ADMINISTRATIVE APPEALS TRIBUNAL      )

)          No 2007/4250
  No 2007/4248   

GENERAL ADMINISTRATIVE DIVISION )
Re BANGARUSWAMY SWAMINATHA

First Applicant

Re PATTAMMAL SWAMINATHAN BANGARUSWAMY

Second Applicant

And

SECRETARY, DEPARTMENT OF FAMILIES, HOUSING, COMMUNITY SERVICES & INDIGENOUS AFFAIRS

Respondent

DECISION

Tribunal Ms Robin Hunt, Senior Member

Date14 August 2008

Place            Sydney

Decision The decision under review is affirmed.

...................[Sgd]....................

Ms Robin Hunt    
  Senior Member

CATCHWORDS

SOCIAL SECURITY – claim for special benefit – discretion for grant of special benefit – no social security pension or other benefit payable – application of policy – long term available funds test – non liquid assets could reasonably be realised – decision under review affirmed.

Social Security Act 1991 (Cth) ss 11(1), 11A(9), 729(1) and (2)

Guide to Social Security Law paras 3.7.1.10, 3.7.1.30, 3.7.1.70

Re Drake and Minister for Immigration and Ethnic Affairs (No 2) (1979) 2 ALD 634

Re Jatan and Secretary, Department of Families, Community Services and Indigenous Affairs [2006] AATA 229

Re Myddleton and Secretary, Department of Family and Community Services [2001] AATA 2

Secretary, Department of Social Security v Secara (1998) 89 FCR 151

REASONS FOR DECISION

14 August 2008 Ms Robin Hunt, Senior Member   

summary

1.       Mr Swaminatha and his wife, Mrs Bangaruswamy, applied for payment of special benefit. The background facts were not in dispute, only whether the applicants should be paid special benefit. The applicants came from India to live in Australia in 1999 and were granted permanent residence visas in 2004. Mr Swaminatha is aged 72 and Mrs Bangaruswamy is aged 69.  Mr Swaminatha worked in India as a scientist until the late 1980s, and receives an Indian pension which is less than the Australian age pension and insufficient for the couple to be able to live on independently in Australia. Mr Swaminatha told the tribunal that he has tried to find work in Australia but has been unsuccessful. The couple has four adult children, three of whom live in Australia. One daughter, her husband and their children continue to live in Chennai, India, in a house owned by Mr Swaminatha.

2.       The applicants were living with one of their daughters in Australia during the two years they were subject to an assurance of support. After the expiration of two years, Mr Swaminatha and Mrs Bangaruswamy received payment of special benefit in Australia for a time until Centrelink cancelled payments. Centrelink cancelled payments after the applicants provided information about real estate properties Mr Swaminatha owns in India.
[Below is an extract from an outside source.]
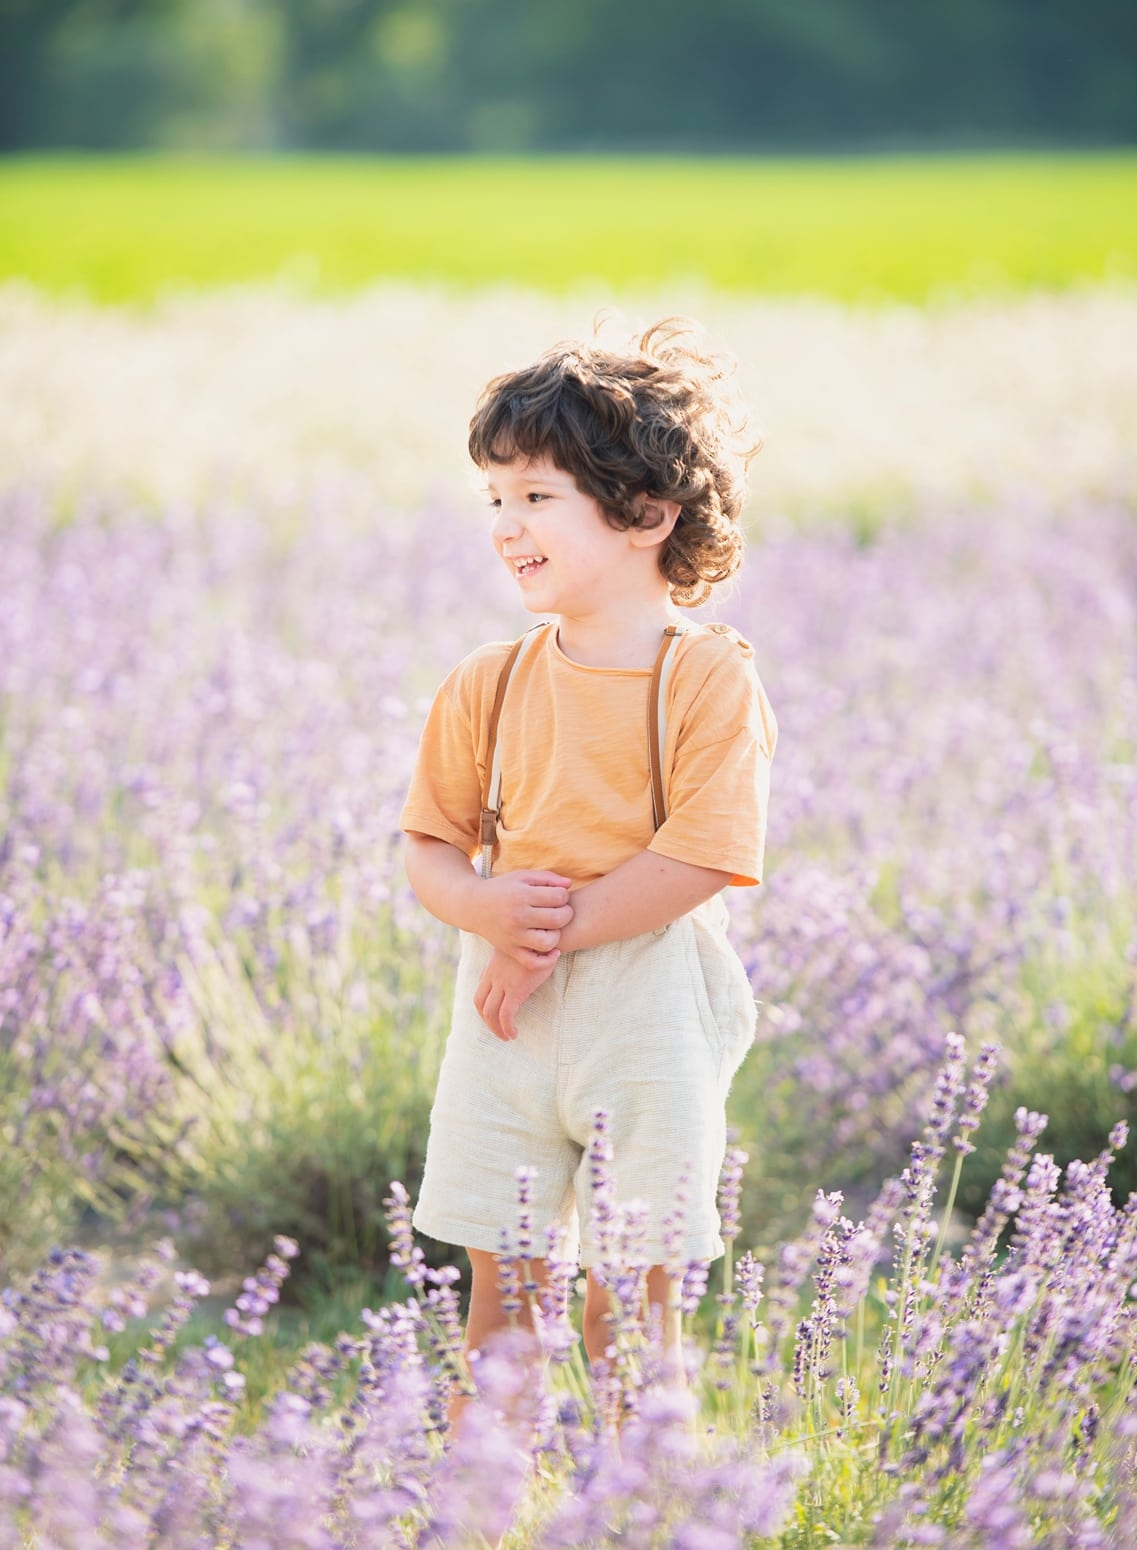 Pictonat_Lavender_0727_0168_WEB

The Social Security Appeals Tribunal (‘the SSAT’) affirmed the decisions of authorised review officers that Centrelink acted correctly in cancelling special benefit to the applicants and in refusing to backdate their special benefits

decision

3.       After hearing the applicants’ evidence and considering whether discretion should be exercised in their favour, I have affirmed the decisions that neither applicant qualifies for payment of special benefit and that it should not be paid. This further means no such payments should be backdated. My reasons are set out below.

issue

4. The main issue before me is whether I should exercise the legislative discretion to grant special benefit to Mr Swaminatha and Mrs Bangaruswamy pursuant to section 729 of the Social Security Act 1991 (‘the Act’).

consideration

5.       The applicants immigrated to Australia on 24 June 1999 and were granted permanent residency visas on 1 September 2004. Initially, they were subject to an assurance of support for two years, which ended on 31 August 2006. They were also subject to a newly arrived residents’ waiting period of 104 weeks, which ended on 27 October 2006.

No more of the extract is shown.